In the present study, the total direct nonmedical and indirect costs were lower than the total direct medical costs. In an earlier study on costs of type 2 diabetes conducted in the IMSS, the total direct and indirect nonmedical costs were higher than the total medical direct costs.10 However, the patients included in the present study were in the early stages of the disease and long-term diabetes-related complications were not yet present. In addition, patients were treated at a public primary care clinic and medical care costs were lower than those of a highly specialized hospital. Moreover, diabetes is a degenerative chronic disease that requires treatment throughout a patient’s life span and causes prolonged work disability; such features might increase the direct nonmedical and indirect costs.
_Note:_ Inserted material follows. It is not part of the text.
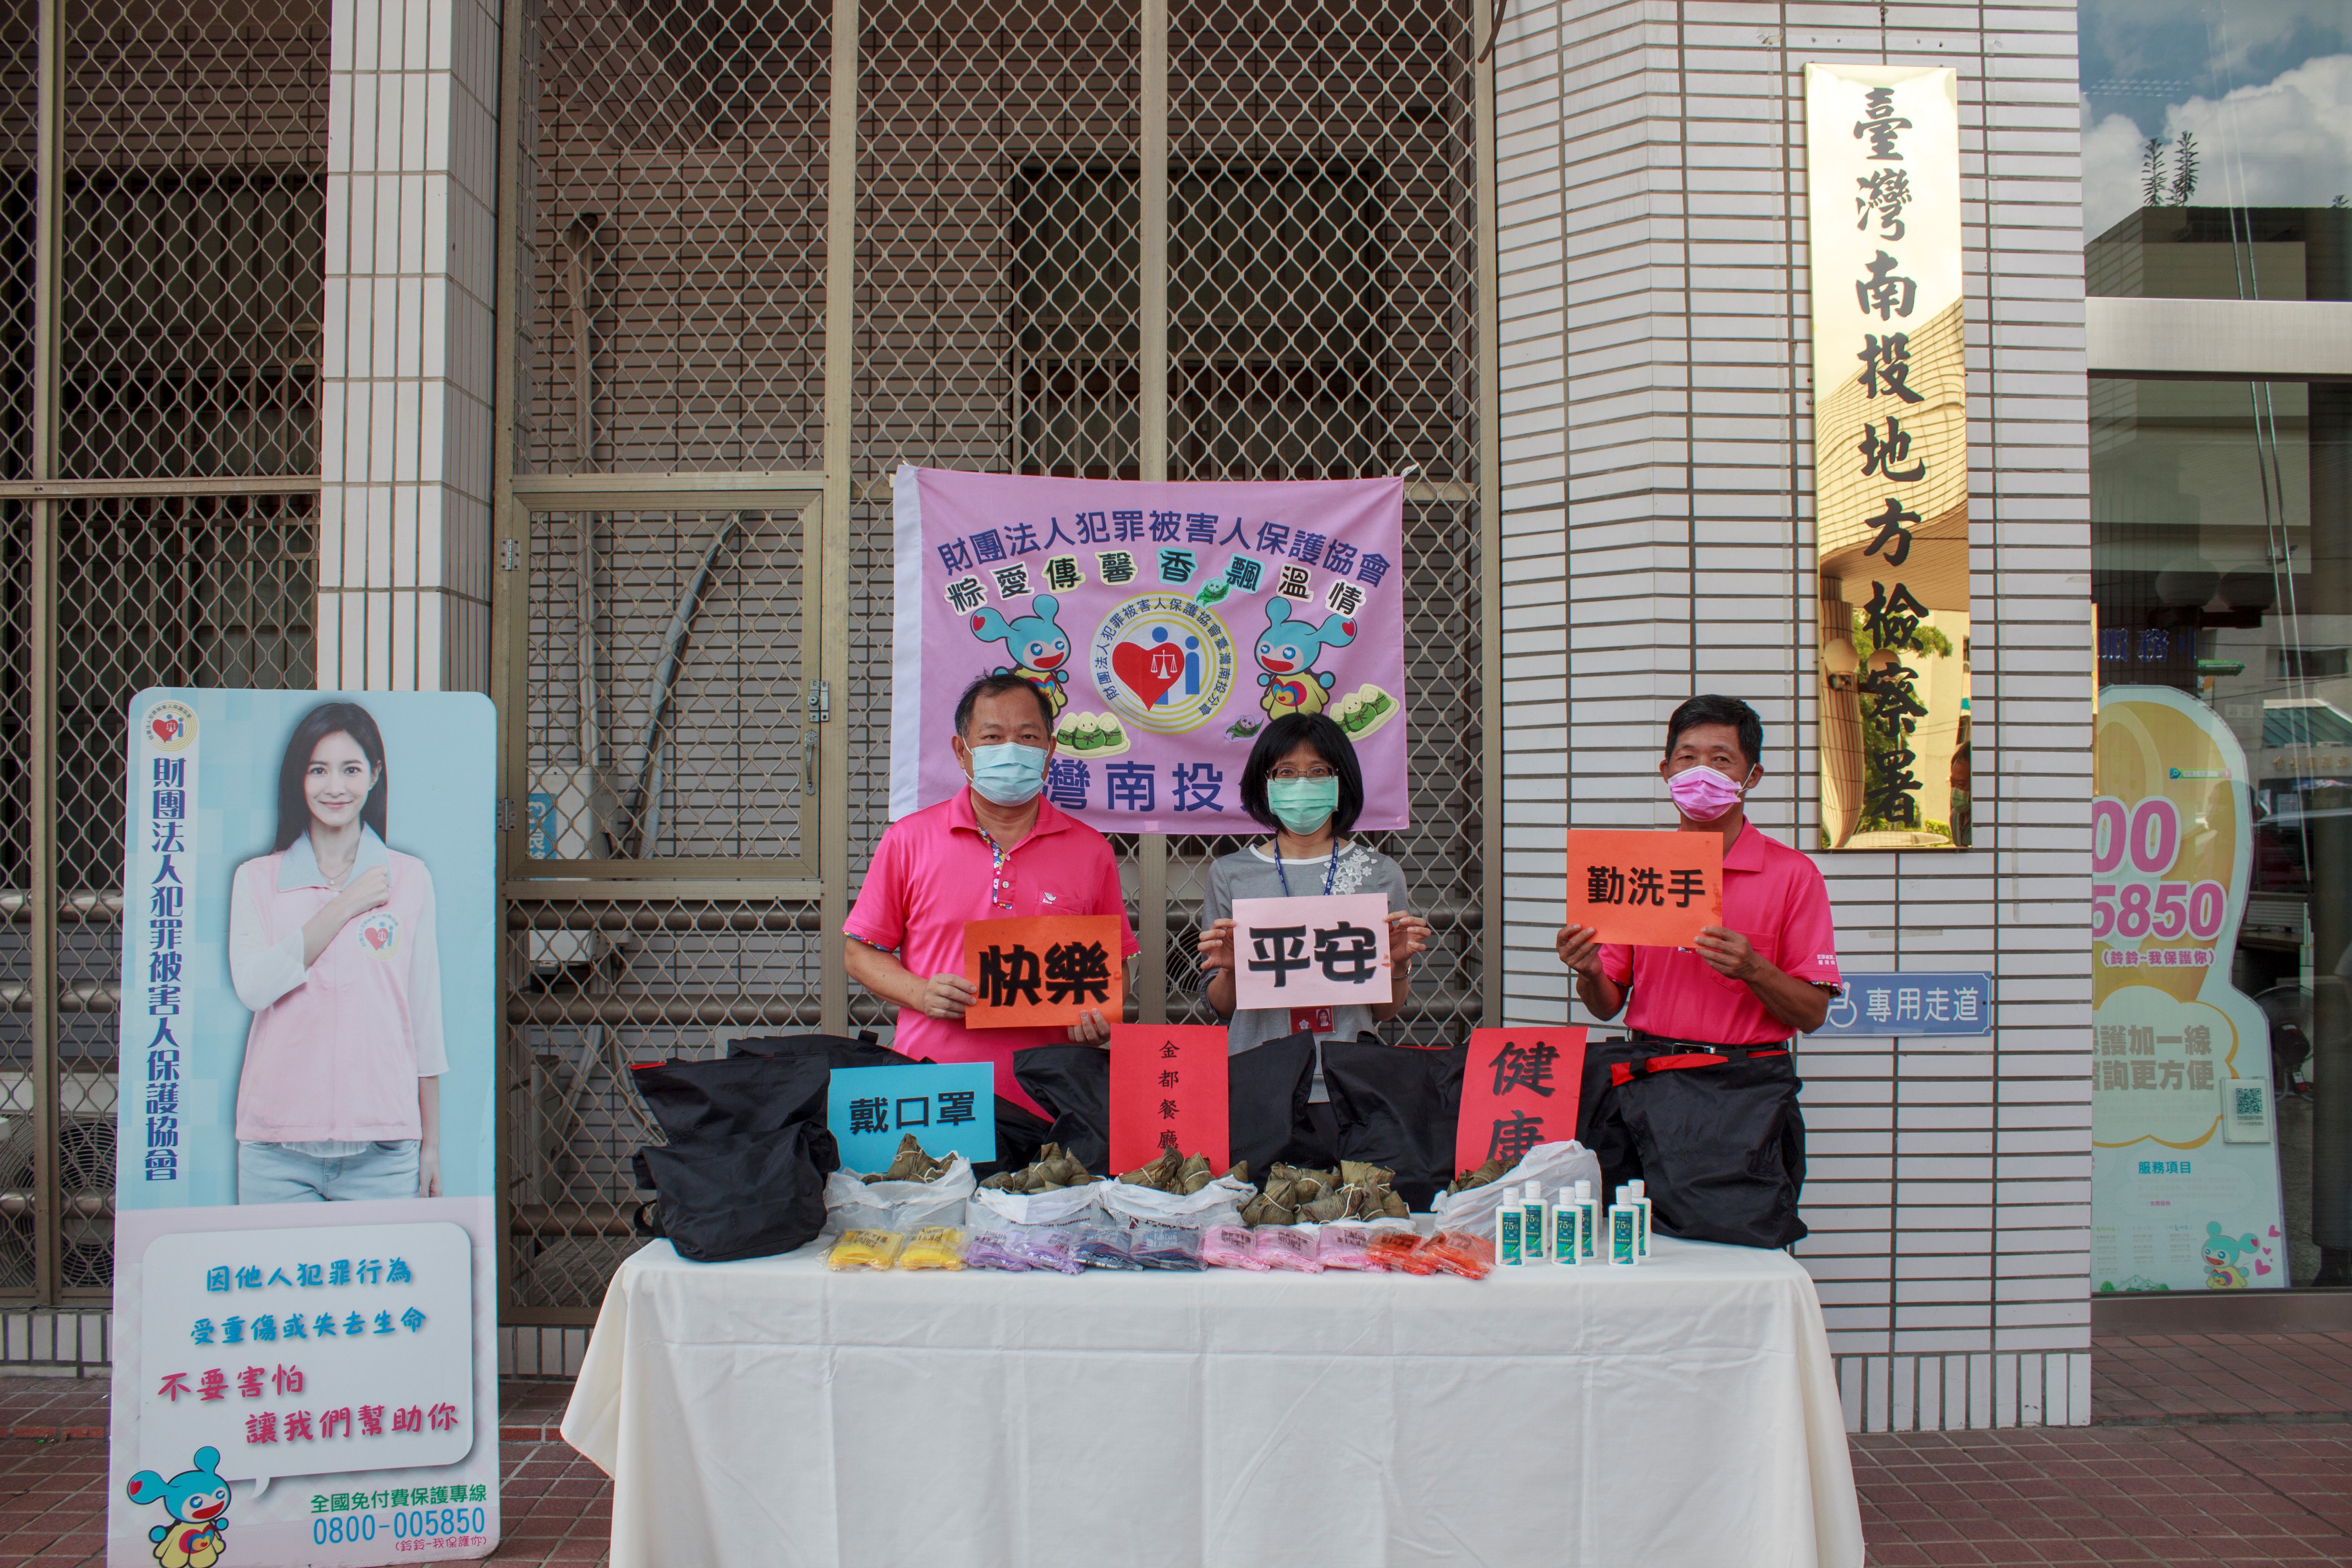 犯罪被害人保護協會臺灣南投分會舉辦端午節關懷活動

These aspects might explain the differences in costs and in the CE analysis.
The results of our study are supported by the robustness of the model evaluated through univariate sensitivity analysis but we acknowledge a small population sample was used to calculate the treatment costs. In building this model, great effort was put into collecting updated, representative, and consistent information; therefore, the conclusions that can be drawn from it are valid and the probability of bias is small. The hypothetical cohort of 10,000 patients modeled was intended to soften the impact of the bias. Analytical models are generally used for that purpose.
Glibenclamide is the most cost-effective treatment for the present study outpatient population diagnosed with type 2 diabetes in the early stages. Further similar investigations including a larger population sample are needed in order to draw definitive conclusions.
The authors declare no conflicts of interest in this work.